=== WHAT TO PRODUCE ===
Go to the line with "USHGULI WITH SHAKRA" in the entries below and write out every line from there through the line with "Visual artist and", exactly and without pictures.

[[ RECORDS FOR THE TASK, beginning ]]

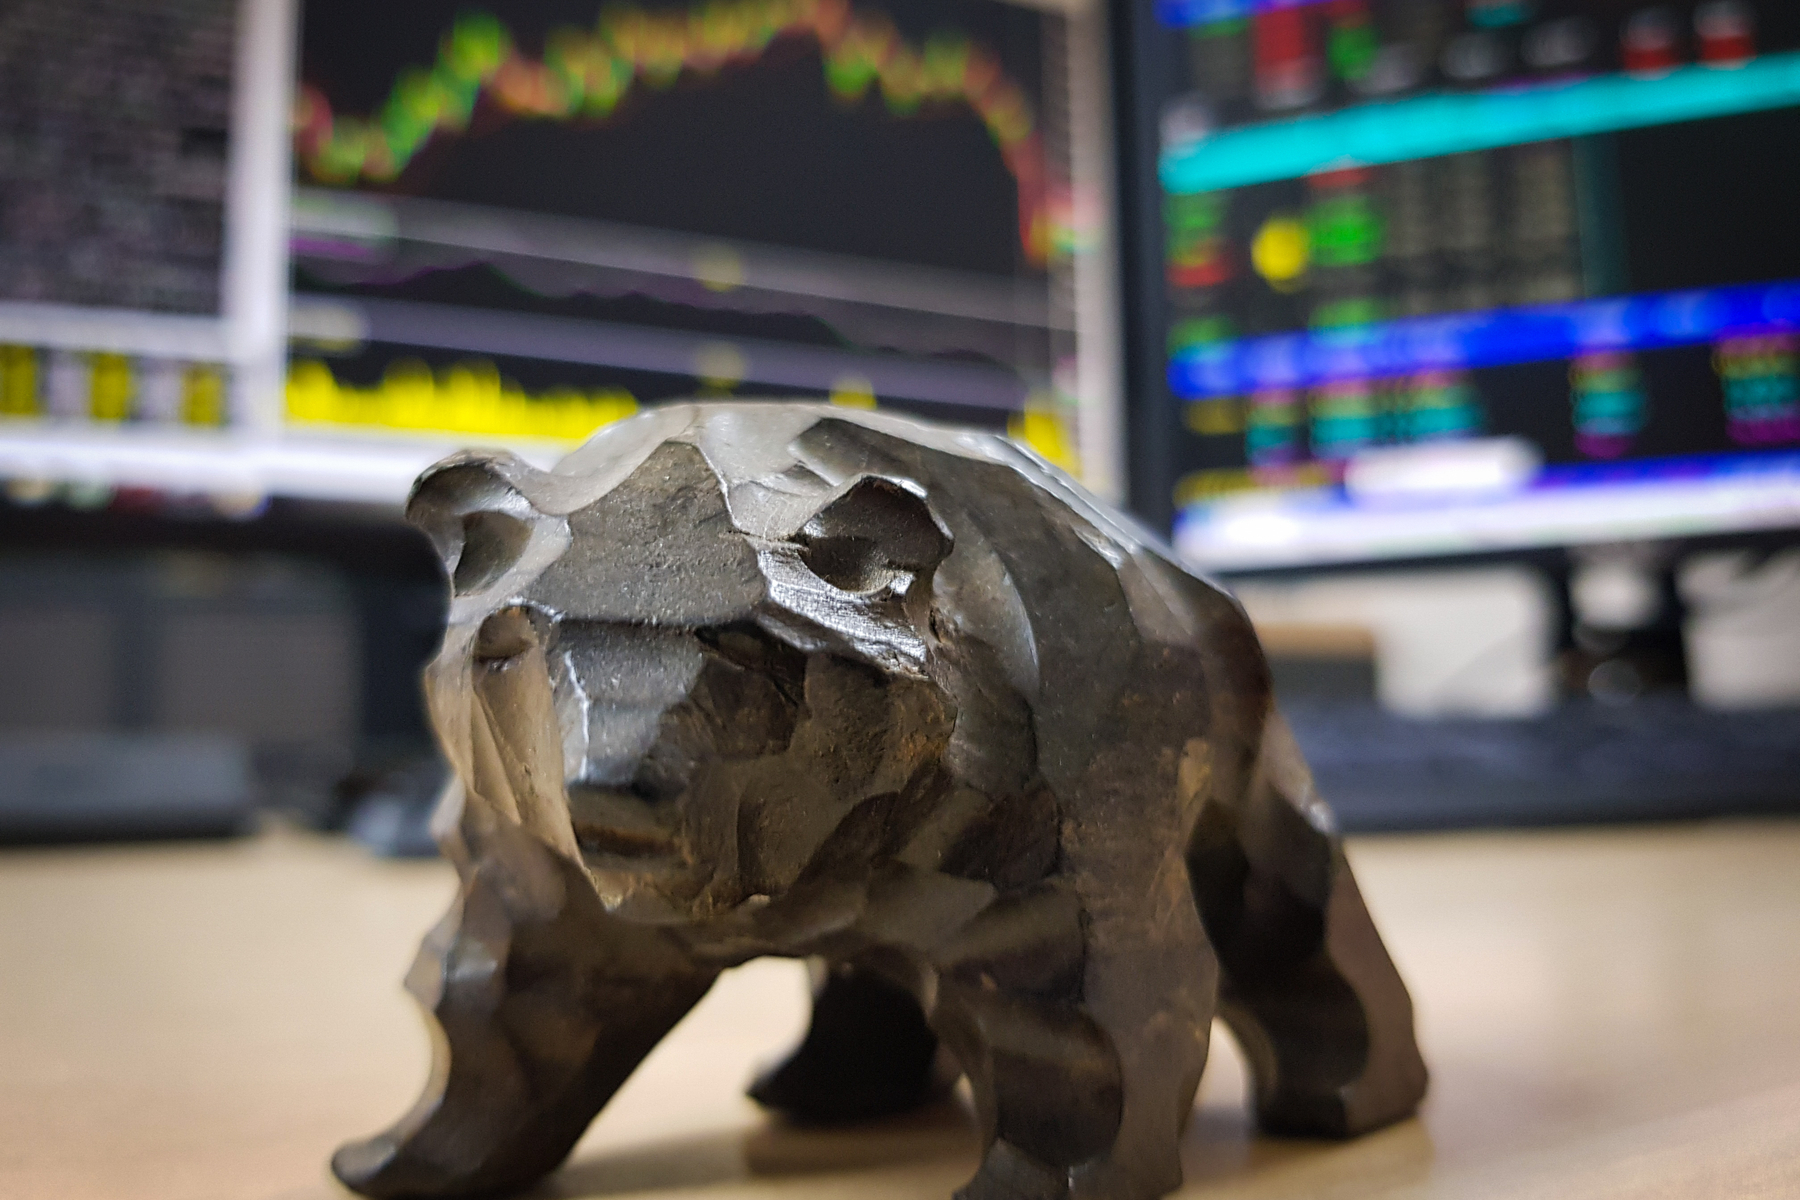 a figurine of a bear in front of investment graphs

[[ RECORDS FOR THE TASK, end ]]
[[ RECORDS FOR THE TASK, beginning ]]

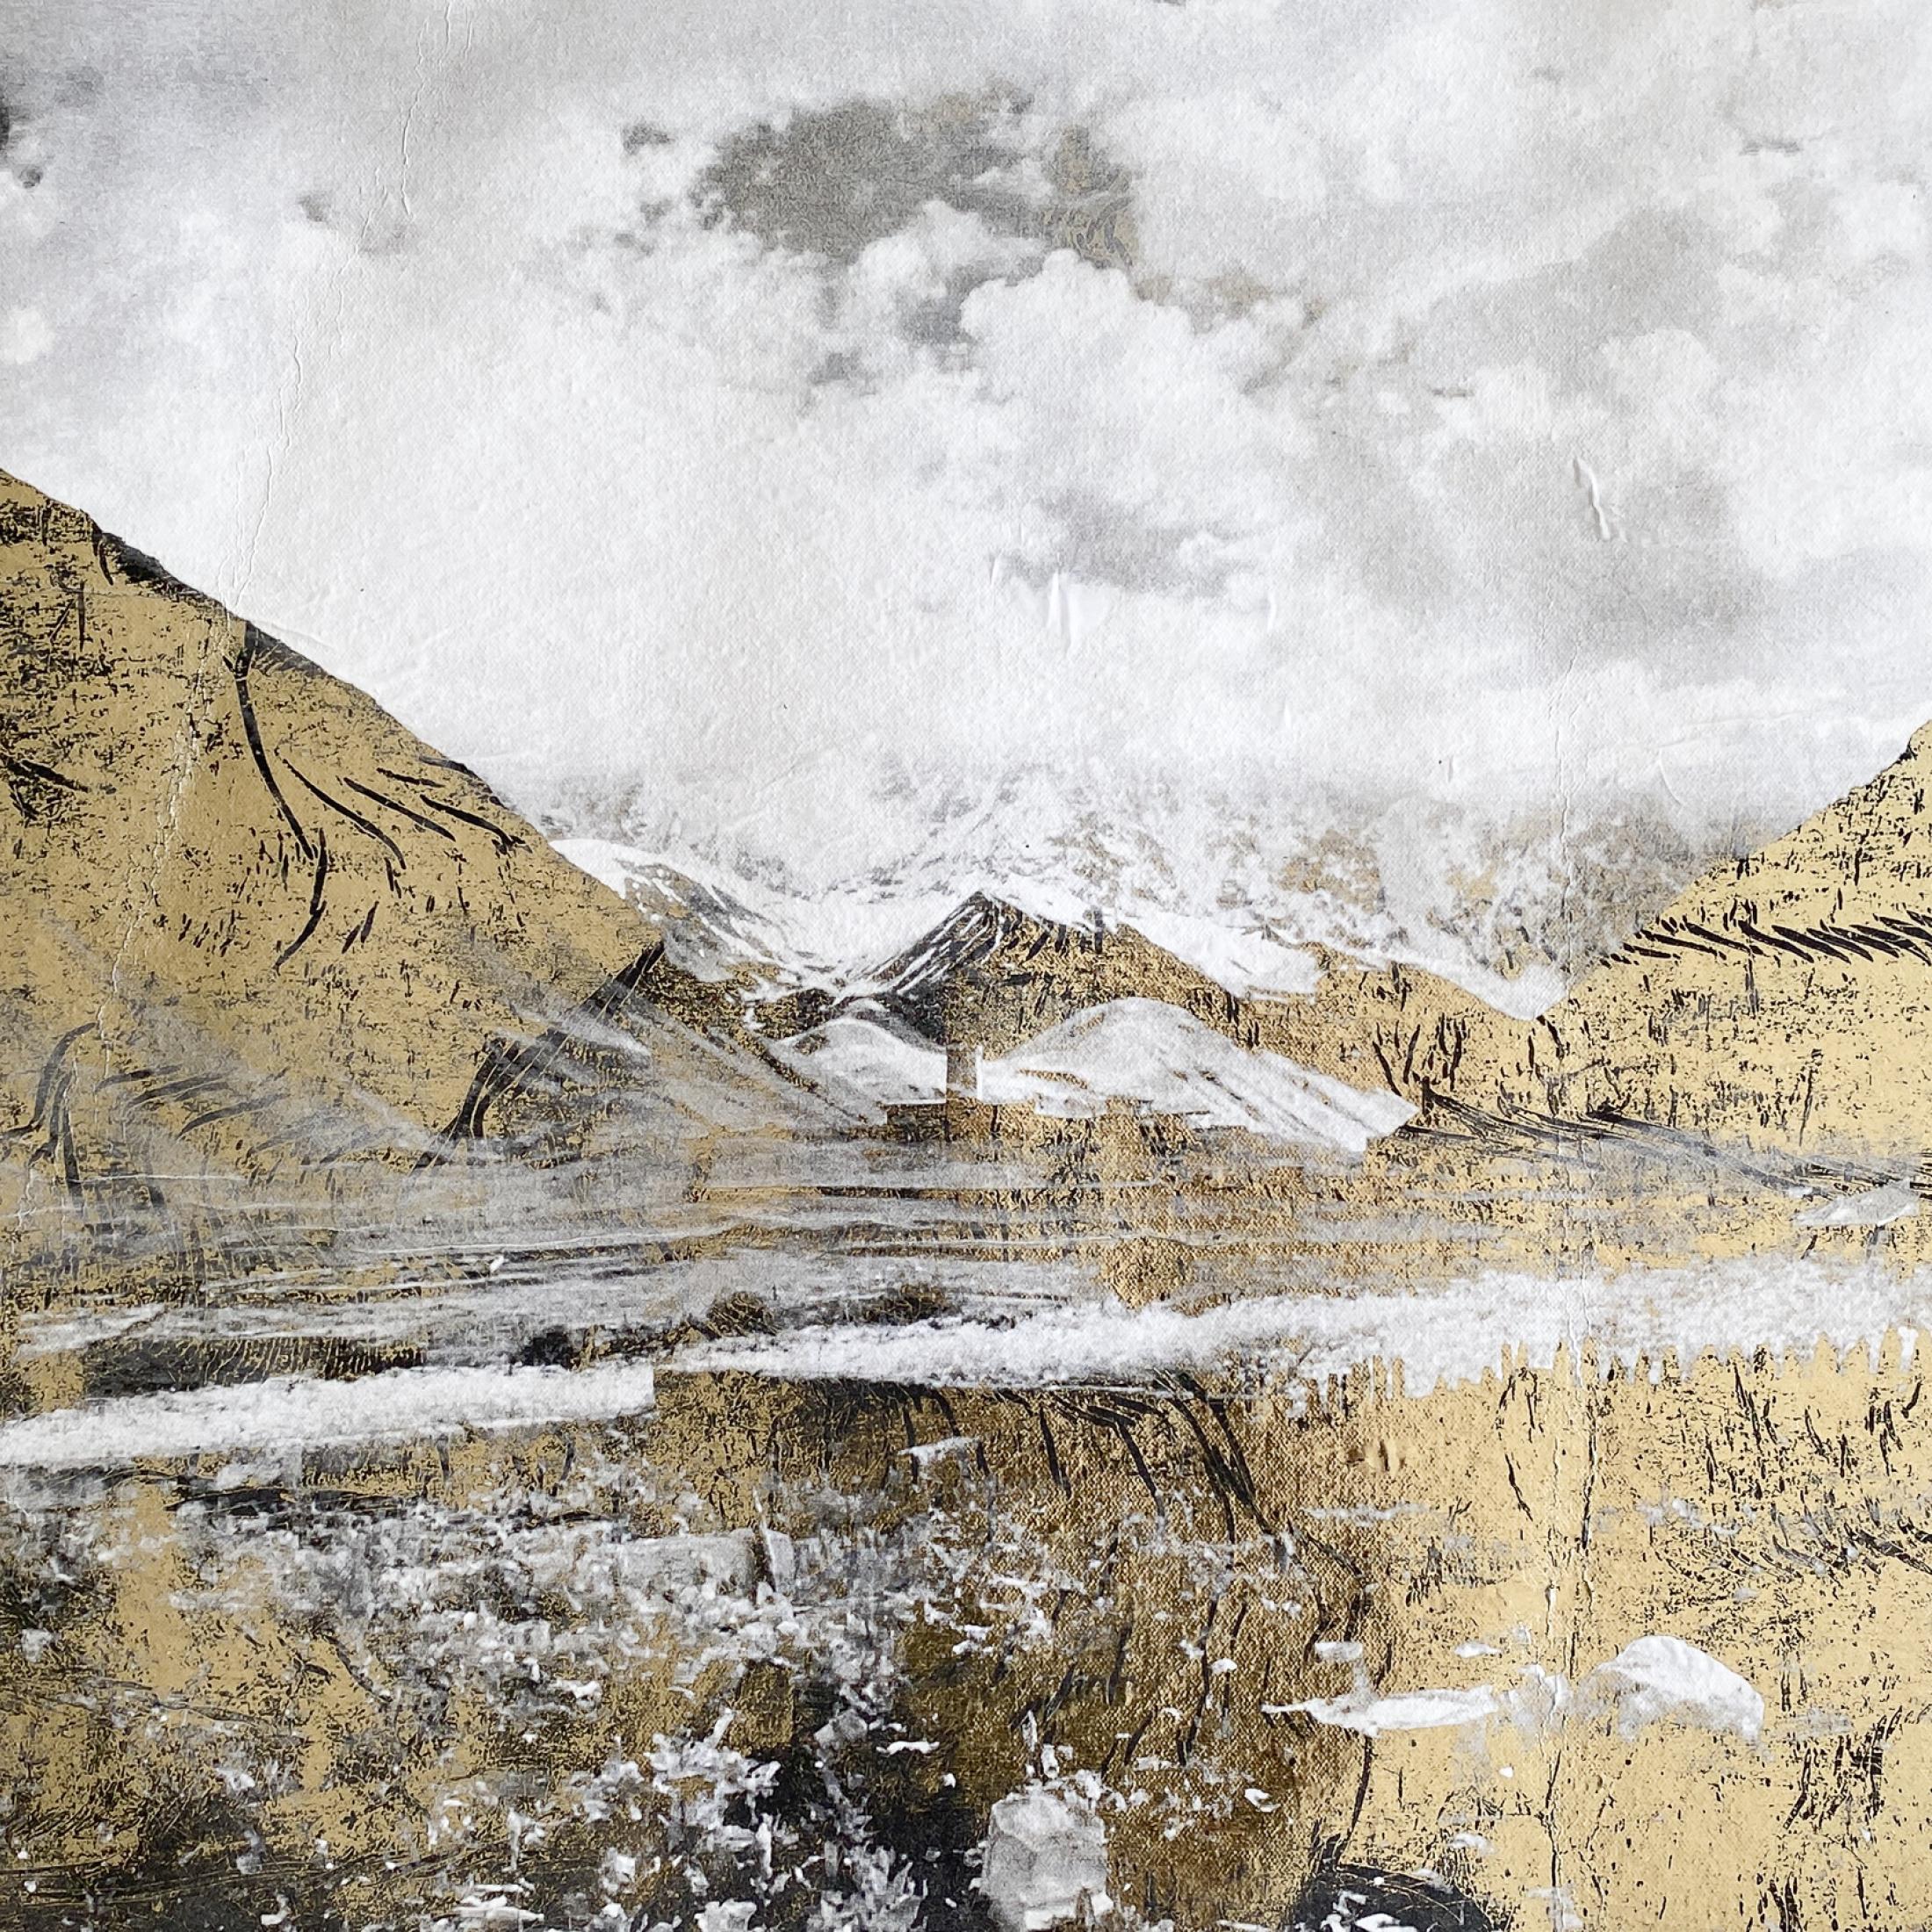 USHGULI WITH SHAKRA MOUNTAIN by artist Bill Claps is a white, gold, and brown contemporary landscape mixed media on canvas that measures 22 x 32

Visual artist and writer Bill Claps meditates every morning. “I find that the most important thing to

[[ RECORDS FOR THE TASK, end ]]

=== ANSWER SECTION ===
 USHGULI WITH SHAKRA MOUNTAIN by artist Bill Claps is a white, gold, and brown contemporary landscape mixed media on canvas that measures 22 x 32

Visual artist and writer Bill Claps meditates every morning. “I find that the most important thing to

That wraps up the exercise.